- _DATA SECTION_:
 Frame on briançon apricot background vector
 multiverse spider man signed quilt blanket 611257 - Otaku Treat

---

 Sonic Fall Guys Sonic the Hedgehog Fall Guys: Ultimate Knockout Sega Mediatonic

--

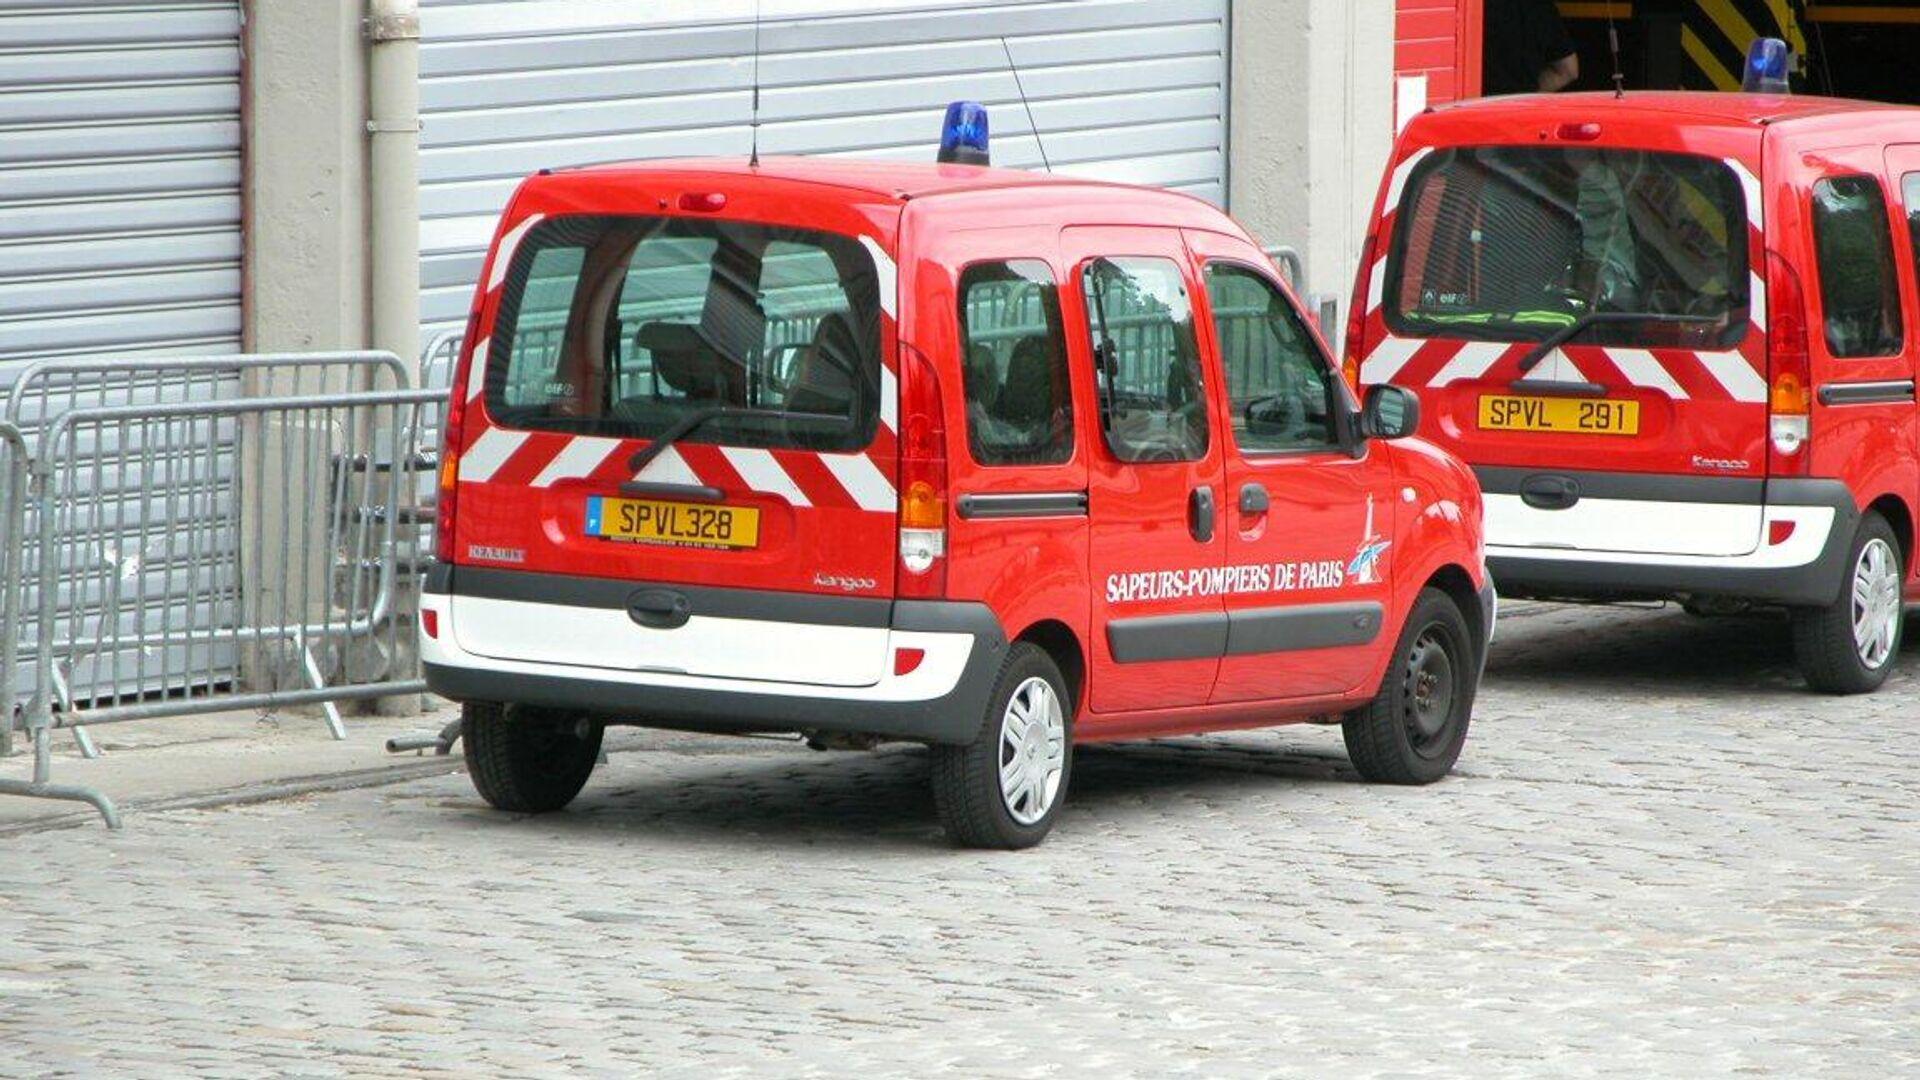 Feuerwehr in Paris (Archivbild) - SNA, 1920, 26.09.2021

- _WORK INSTRUCTION_:
Your task is to restate, word for word, only those lines above that fall between the line holding "Frame on briançon apricot background vector" and the line holding "multiverse spider man", inclusive.

- _RESULT_:
 Frame on briançon apricot background vector
 multiverse spider man signed quilt blanket 611257 - Otaku Treat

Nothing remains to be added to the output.